Please give back the listing exactly, without any of its pictures.

§ **Data**
_____

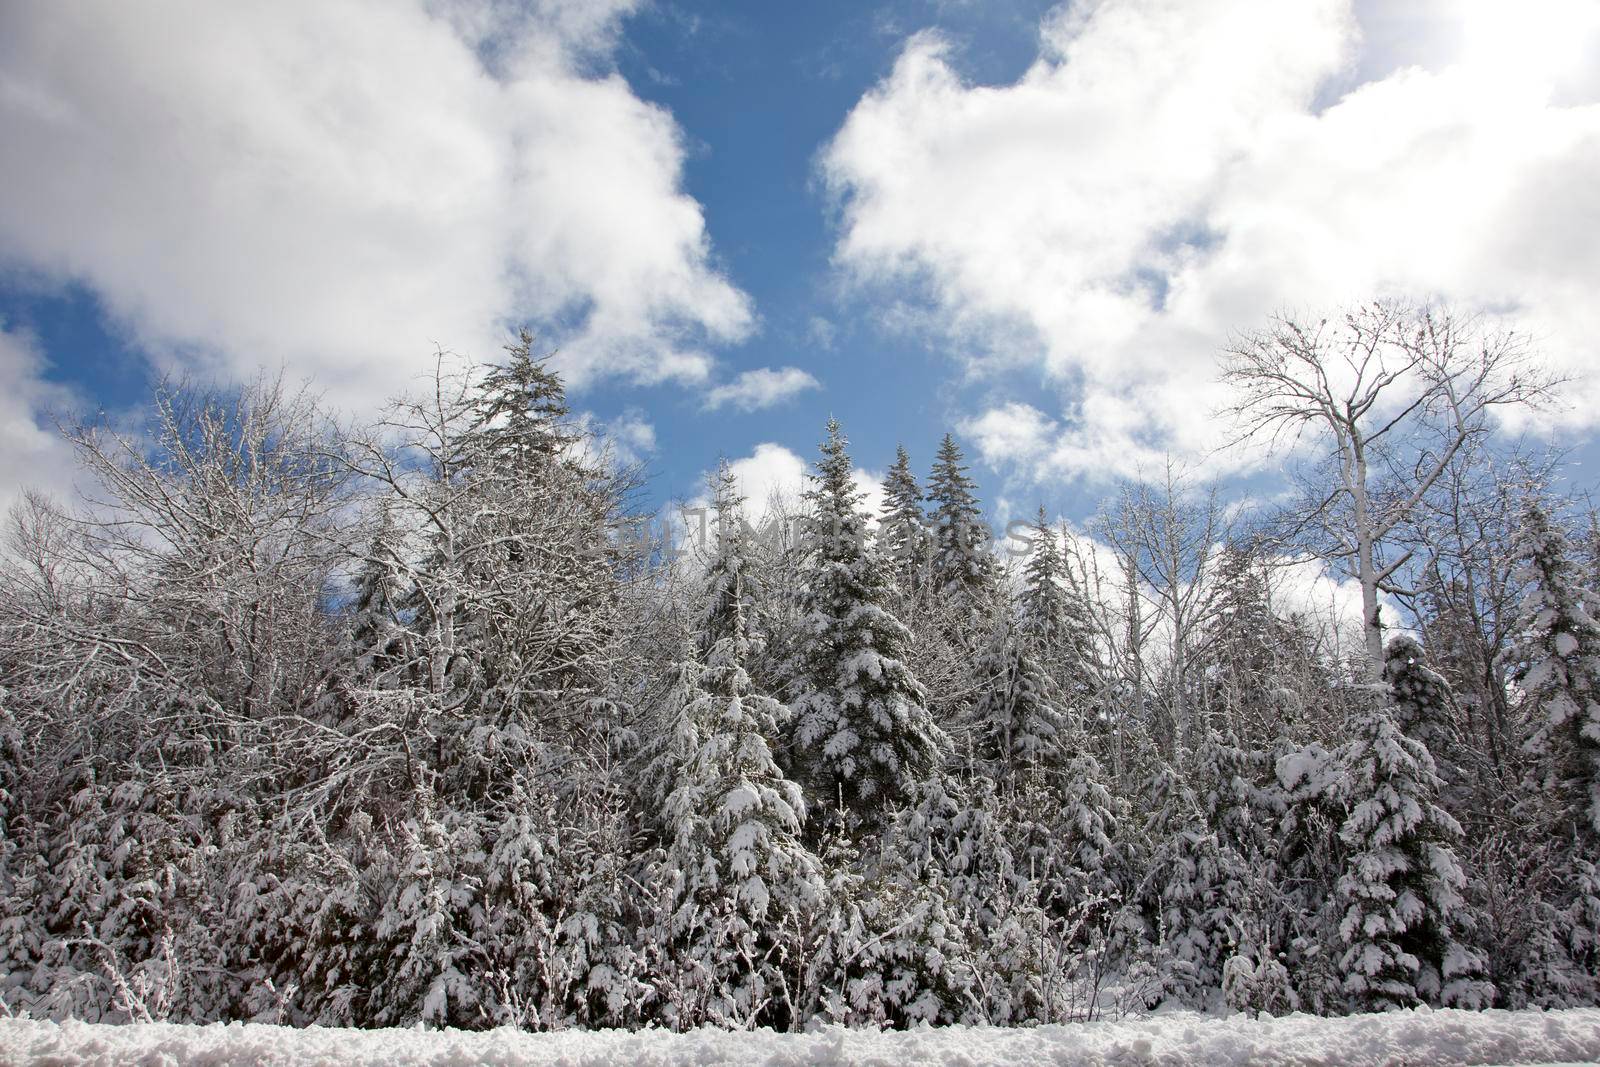  evergreen trees covered in perfect snow on a blue sky day 
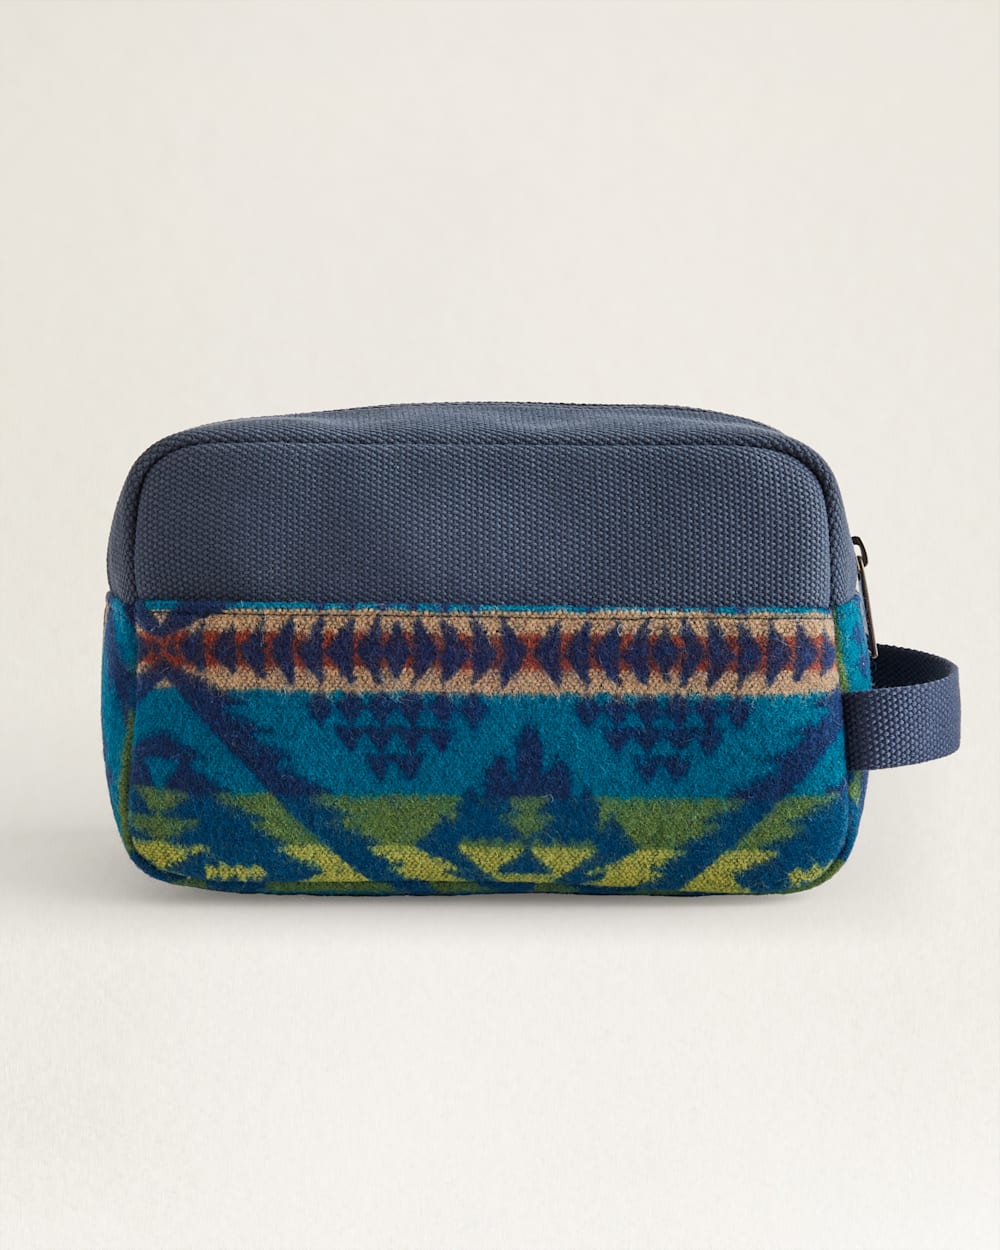 ALTERNATE VIEW OF DIAMOND DESERT CARRYALL POUCH IN BLUE MULTI image number 3
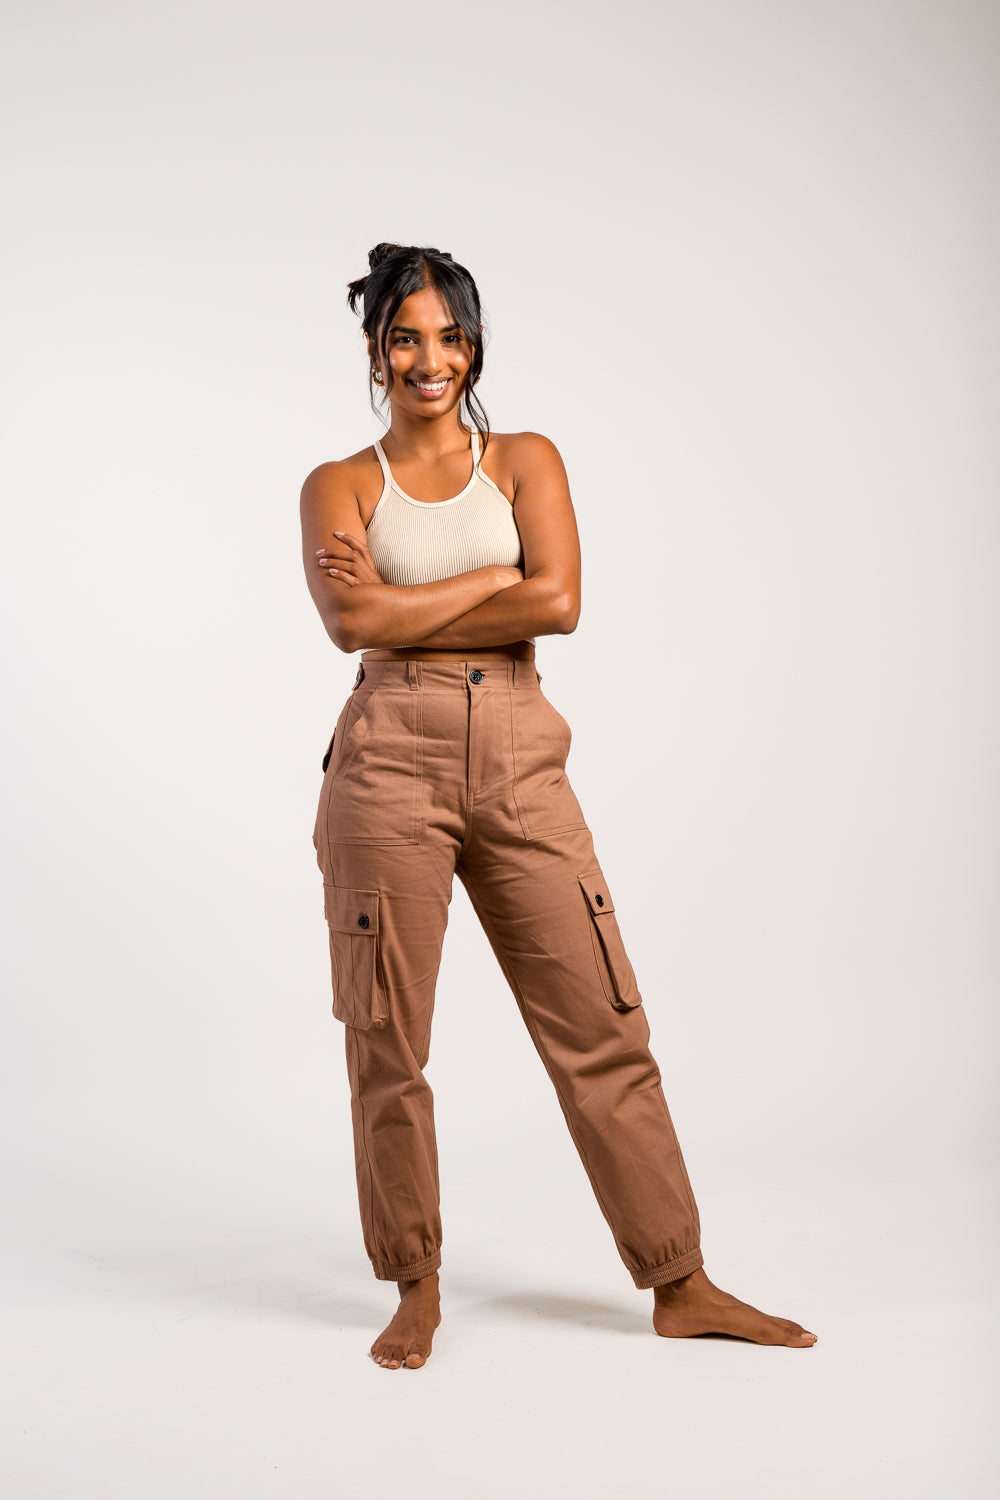 Petite Red Pocket Detail Cargo Pants  Pants for women, Red cargo pants  outfit, Red cargo pants
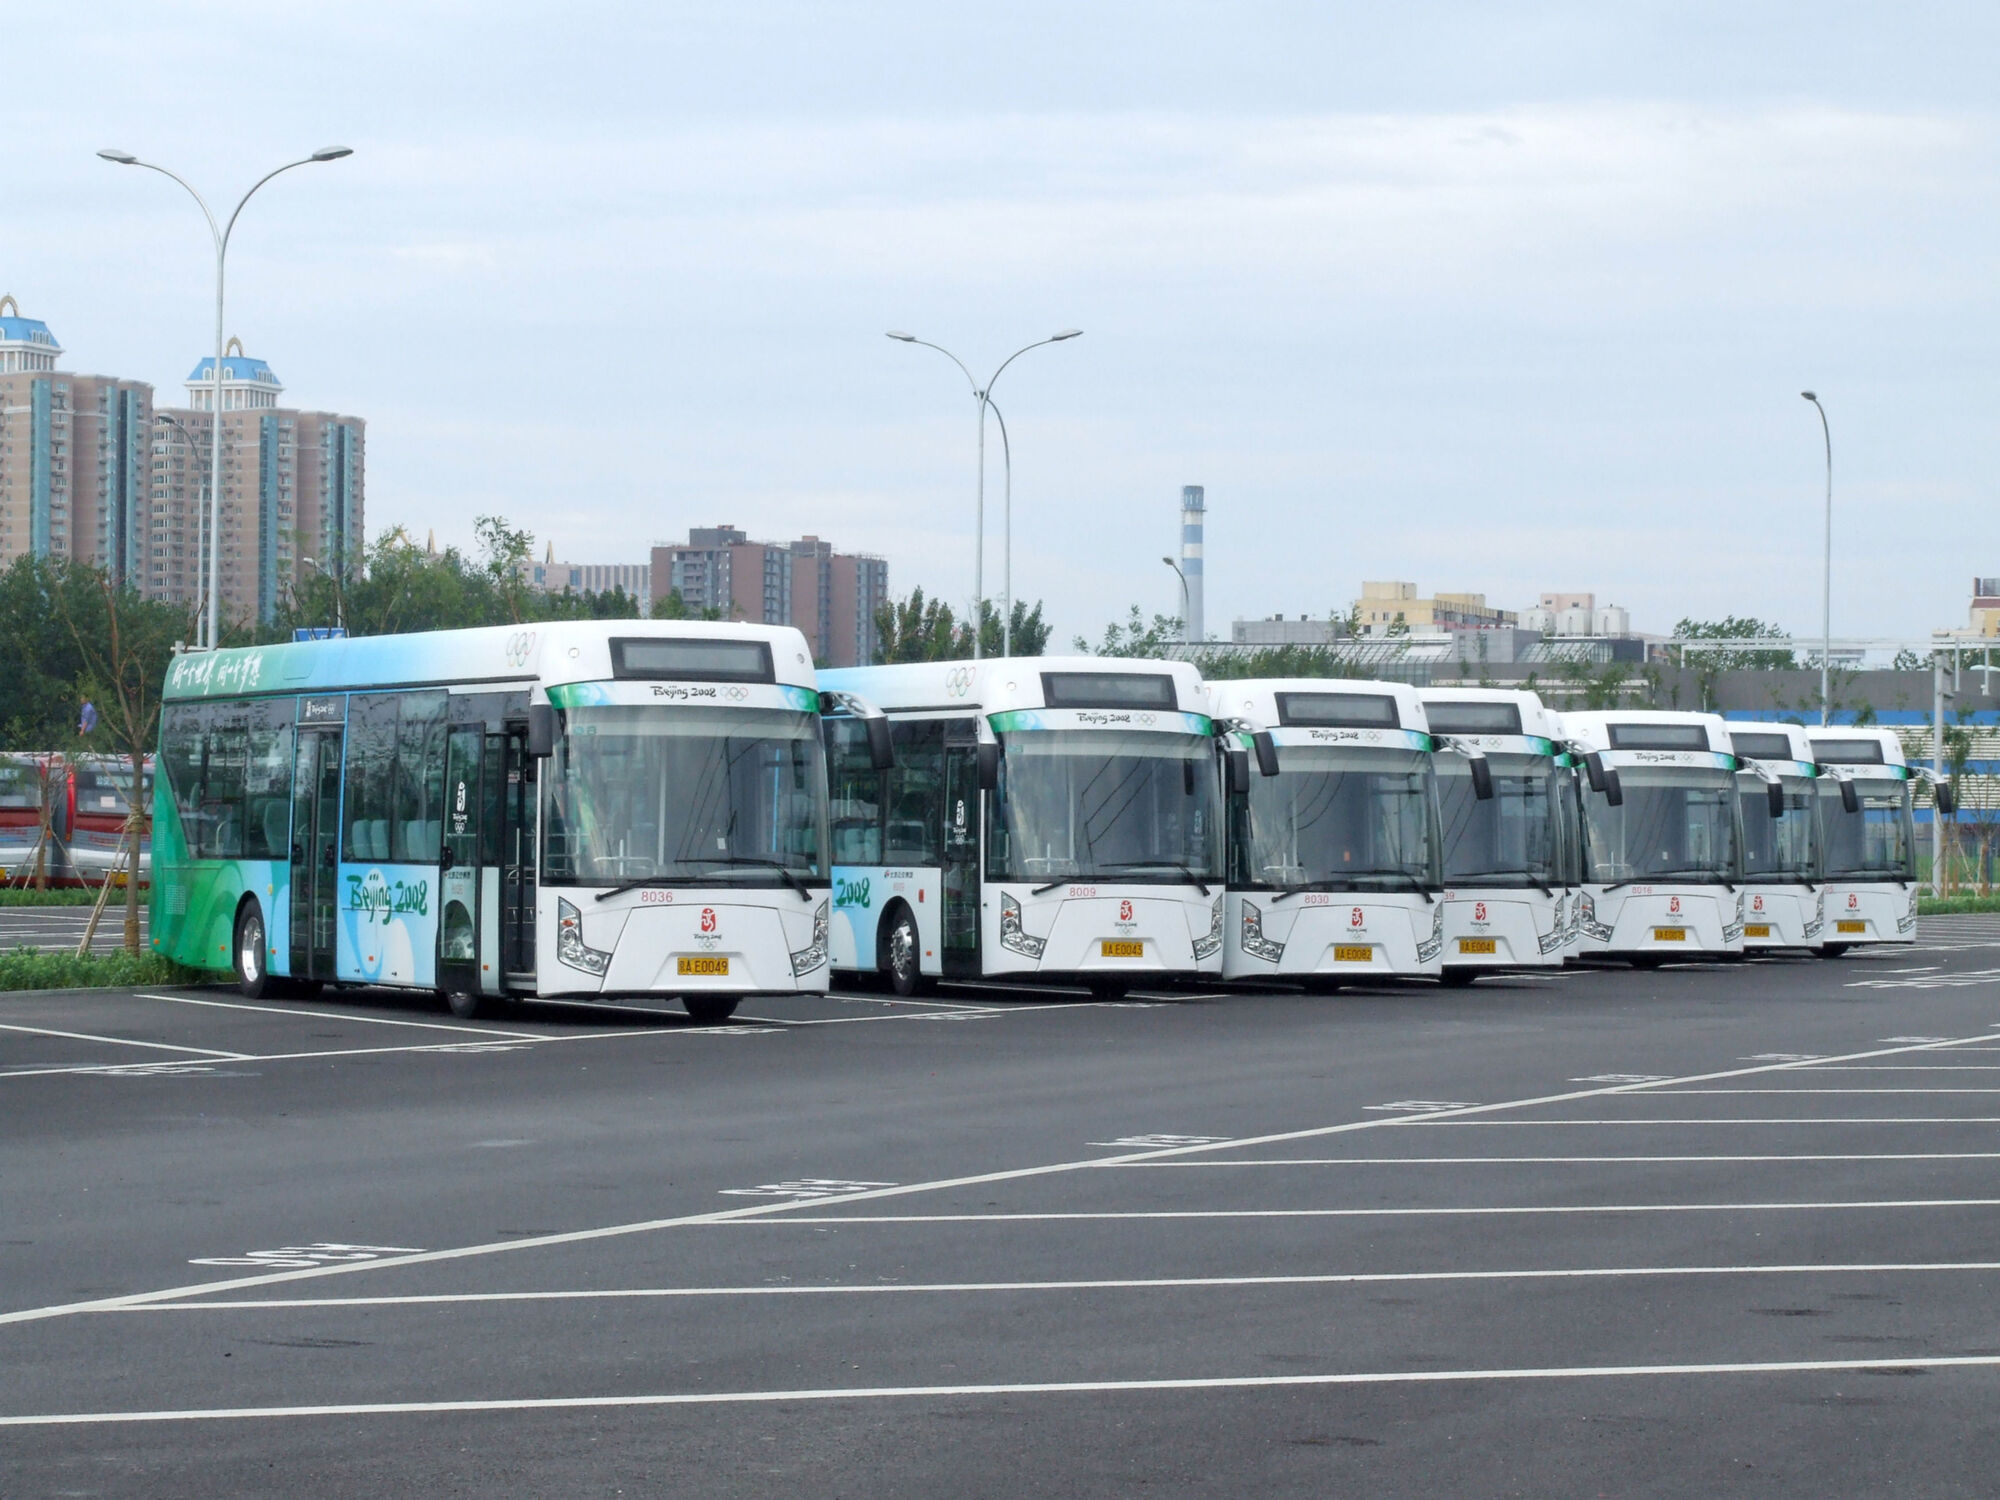 Fleet of parked buses

_____

§ **Completed exercise**
  evergreen trees covered in perfect snow on a blue sky day 
 ALTERNATE VIEW OF DIAMOND DESERT CARRYALL POUCH IN BLUE MULTI image number 3
 Petite Red Pocket Detail Cargo Pants  Pants for women, Red cargo pants  outfit, Red cargo pants
 Fleet of parked buses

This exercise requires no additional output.